Cleaning up the dirtyPath

One of our recent projects involved creating Excel functionality inside a custom application we built for a client. After a few iterations where we tried to emulate most of the basic features of Excel (including enabling the pasting of tables through a lot of parsing and basic table functionalities), it became clear that we would not be able to arrive at a user-friendly solution without completely re-creating Excel.

So we came up with a different approach. Instead of letting the user manipulate pasted Excel content inside the application itself, we made it easy for the user to get back to the original table inside Excel. We accomplished this by pasting an image instead of the table data, which is supported by Excel by default (copy as image) and then associating the pasted image with the original Excel file that can be opened from our application.

Now it would be nice to know the location of the original Excel file from the clipboard and associate that with the image automatically, right? Here’s how we did it.
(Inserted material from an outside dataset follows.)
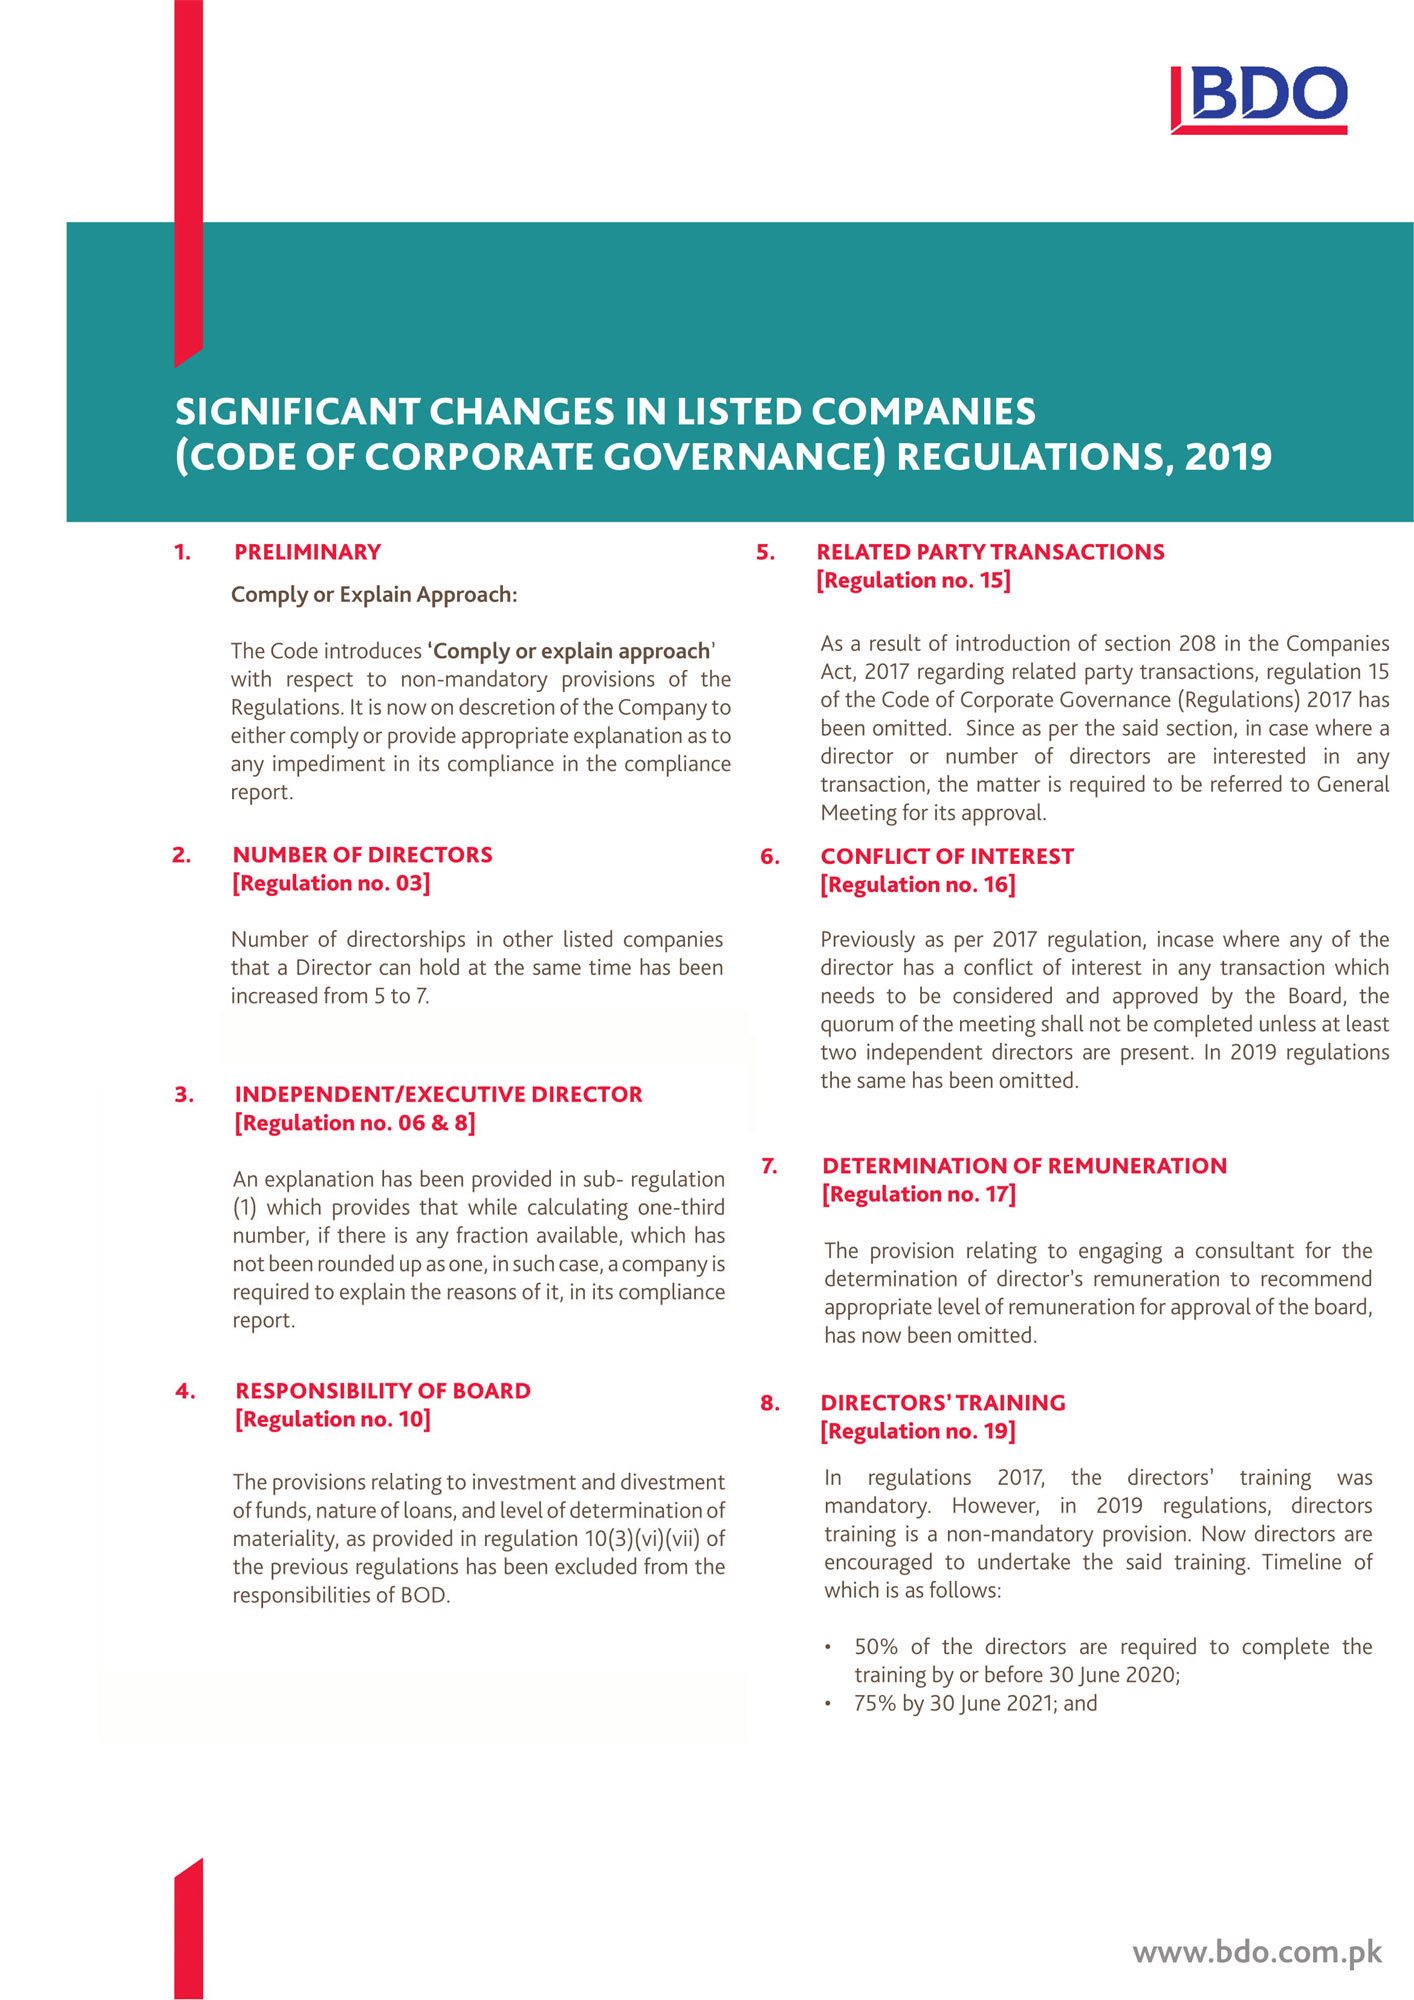 SIGNIFICANT CHANGES IN LISTED COMPANIES (CODE OF CORPORATE GOVERNANCE) REGULATIONS, 2019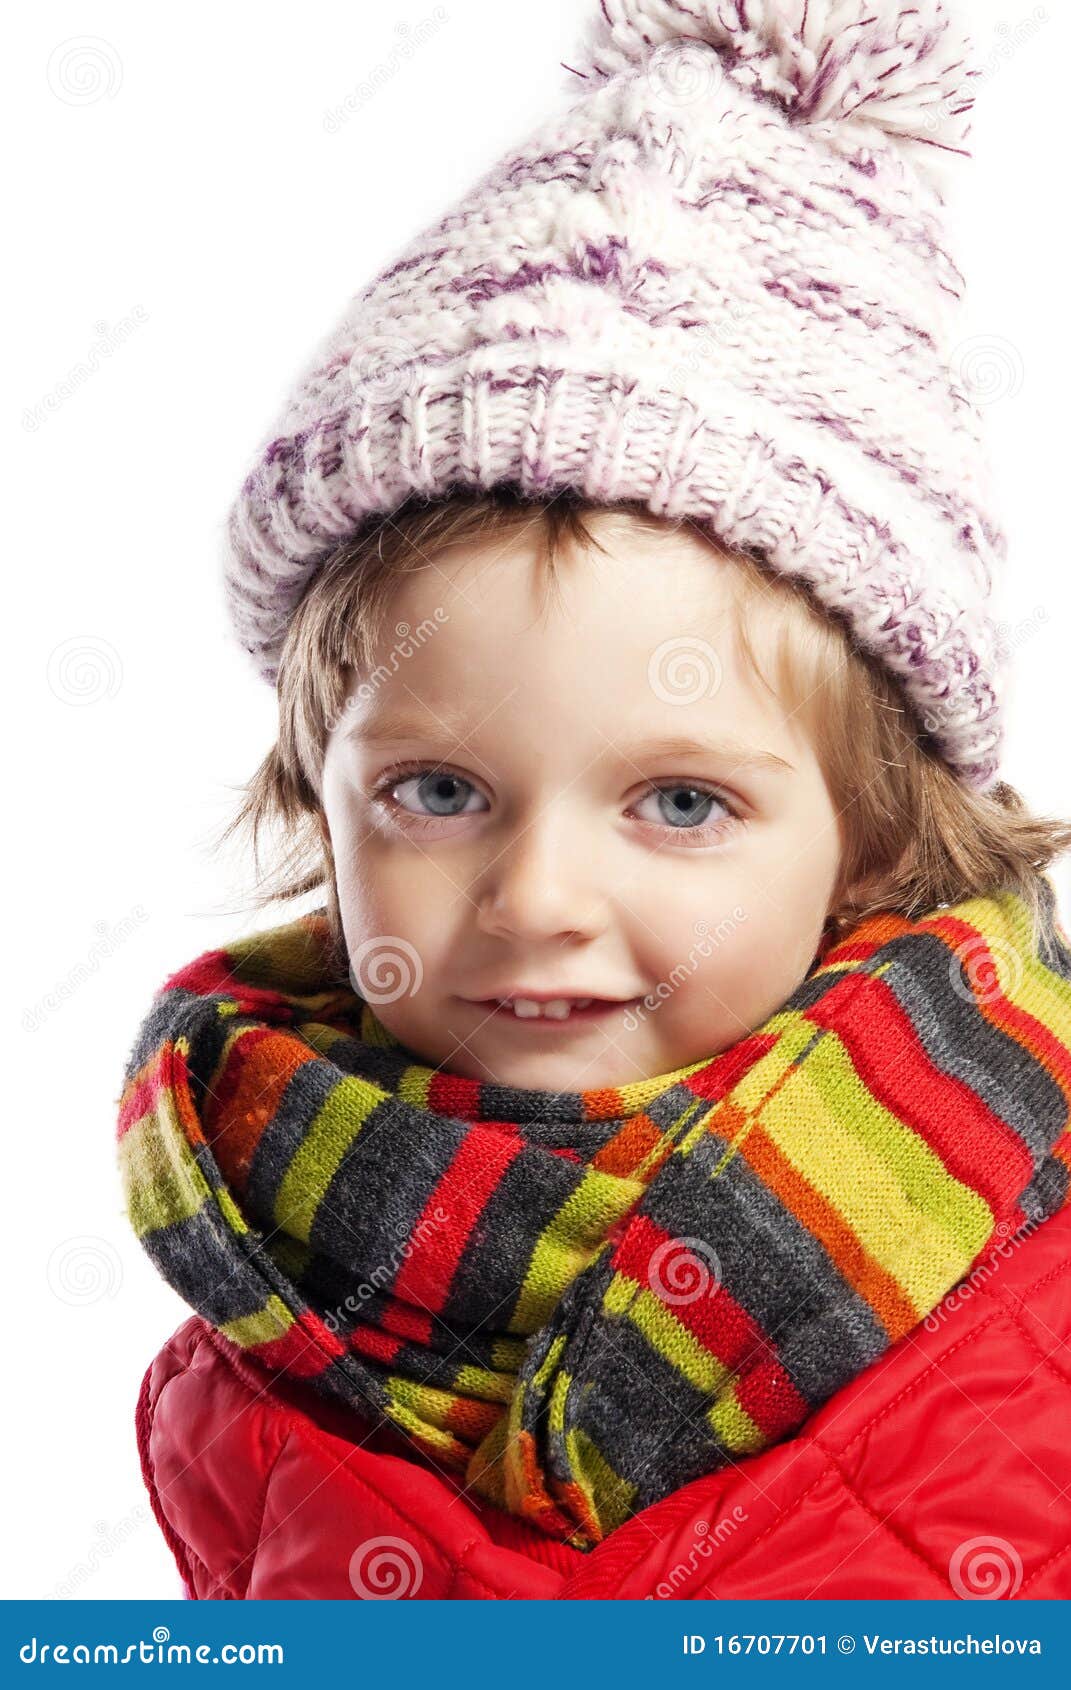 Little Girl Three with Winter Clothes Stock Image - Image of baby, cute ...

The clipboard provides you with several types and formats of information, some more or less interesting. You can get a full list of all formats with this:

Clipboard.GetDataObject().GetFormats()

In this case we are only interested in the “Link Source”. There are several ways to get to it, but I chose to get a plain ASCII string:

if (!Clipboard.ContainsData("Link Source"))
 {
   return string.Empty;
 }
var mstream = (MemoryStream) Clipboard.GetData("Link Source");
var dirtyPath = Encoding.ASCII.GetString(mstream.ToArray());

This gives us a pretty dirty string with a lot of chars that don’t mean much (e.g., \0 – lots of them). The first time I worked on this I tried to turn everything into HEX and then find patterns. That was a terrible idea, especially if you are using anything but apps like Word, notepad++, web browser, plain paper, etc. Since the encoding might differ slightly from app to app, you could miss the important parts.

After some more digging I found a solution. In the dirtyPath there are Unicode characters that will tell us everything we need to know about the string we are reading. Here is a list http://unicode-table.com/en/.

Here are the two important ones for us:

  • \u0004 = End of Transmission
  • \u0003 = End of Text

We also have \u0002 that stands for Start of Text, but I didn’t need it for this issue (but it was helpful to know).

Here is an example of the “dirtyPath”:

dirtypathdark

If you look closely there are two paths inside this string: one is the temporary location for the Office file (.xls) and one is the actual location within the sheet (.xlsx). But the second path is pretty obstructed.

dirtypathlight

I needed the second path so here is what I did. I parsed the string for the last “End of Transmission” Unicode, which is the last place before we are getting non-path related info (the current selection of cells and book inside our Excel worksheet).

var endOfTransmissionIndex = dirtyPath.LastIndexOf('\u0004');
if (endOfTransmissionIndex < 0)
{
   return string.Empty;
}
dirtyPath = dirtyPath.Substring(0, endOfTransmissionIndex);

Now the dirtyPath looks like this:

dirtypath2

It’s just a little shorter now, and we removed the extra info from the end. We can safely strip off the other front now by finding the last “End of Text” Unicode character.

var endOfTextIndexForPath = dirtyPath.LastIndexOf('\u0003');
if (endOfTextIndexForPath < 0) 
{ 
   return string.Empty; 
} 
dirtyPath = dirtyPath.Substring(endOfTextIndexForPath + 1);

This time the dirty path is a lot shorter:

dirtypath3

Now let’s just get rid of all the weird characters.

public static string StripWeirdChars(string source) 
{ 
   string res = ""; 
   foreach (char c in source) if ((int)c >= 32) res += c; 
   return res; 
}
var cleanPath = StripWeirdChars(dirtyPath);

Our final clean path looks like this:

C:\\Users\\[username]\\Documents\\Tester.xlsx

And that’s it. You can strip anything out of the clipboard this way as long as the file you are pasting from is saved on your machine or local network.

If the file is not saved you will still get the current selection info. That means the original dirtyPath will look like this:

dirtypath4

Cleaned up:

dirtypath5

NOTES:

  1. All pasted strings are from Visual Studio 2015 and might look different in other environments. The Unicode and “weird” characters are not displayed everywhere, so be careful.
  2. File to be copied from must be saved and not in read-only mode to extract a path from the clipboard.
  3. I have tested this on Windows 10, Windows 8 & 8.1, Windows 7, and with Office 2007 through Office 365.